Rechtbank Noord-Holland

Datum uitspraak
12 februari 2025
Publicatiedatum
12 februari 2025
Zaaknummer
351413
Instantie
Rechtbank Noord-Holland
Type
Uitspraak
Rechtsgebied
Civiel recht
Procedures
  • Eerste aanleg - enkelvoudig
Rechters
Vindplaatsen
  • Rechtspraak.nl
AI samenvatting door LexboostAutomatisch gegenereerd

Eigendomsgeschil over trailer tussen eiser en Wilkoja Vastgoed B.V.

In deze zaak vordert eiser, die stelt eigenaar te zijn van een trailer die op het terrein van Wilkoja Vastgoed B.V. staat, afgifte van de trailer en schadevergoeding. De rechtbank heeft de vorderingen van eiser afgewezen, oordelend dat eiser niet de eigenaar van de trailer is geworden. De reden hiervoor is dat het autobedrijf dat de trailer aan eiser heeft verkocht, niet beschikkingsbevoegd was om de trailer te verkopen. Juridisch gezien is de eigendom daarom niet aan eiser overgedragen.

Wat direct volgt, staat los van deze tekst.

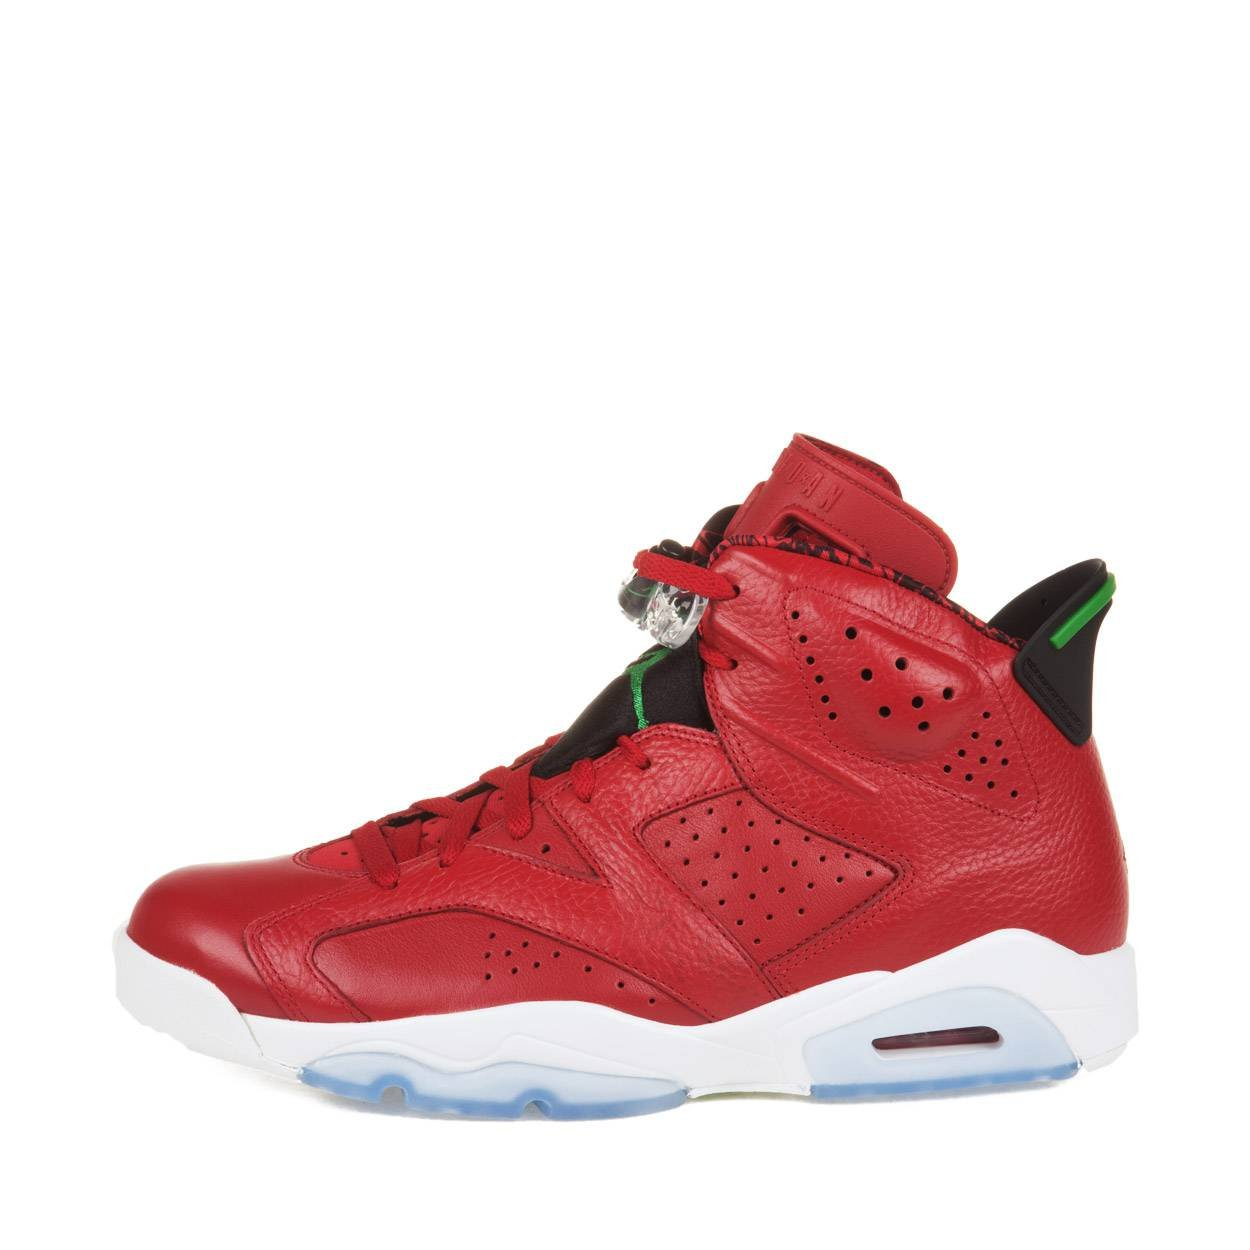 reputable site cd5a3 10461 Amazon.com   Nike Air Jordan 6 Retro Spizike

De procedure begon met een tussenvonnis van 4 september 2024 en omvatte verschillende producties en een mondelinge behandeling op 15 november 2024. Eiser heeft zijn vorderingen onderbouwd met bewijsstukken, waaronder correspondentie van de curator van het faillissement van zijn vader, die in het verleden eigenaar van de trailer zou zijn geweest. Wilkoja betwist echter de eigendom van eiser en stelt dat zij zelf eigenaar is geworden door verkrijgende verjaring.

De rechtbank heeft vastgesteld dat de trailer op het terrein van Wilkoja staat, wat hen de status van houder geeft. Echter, eiser heeft voldoende tegenbewijs geleverd dat de trailer in het verleden op naam van zijn vader stond. De rechtbank concludeert dat Wilkoja de trailer niet voor zichzelf hield, maar voor de vader van eiser, en dat er geen geldige eigendomsoverdracht heeft plaatsgevonden. Hierdoor is eiser niet de eigenaar van de trailer en zijn zijn vorderingen afgewezen.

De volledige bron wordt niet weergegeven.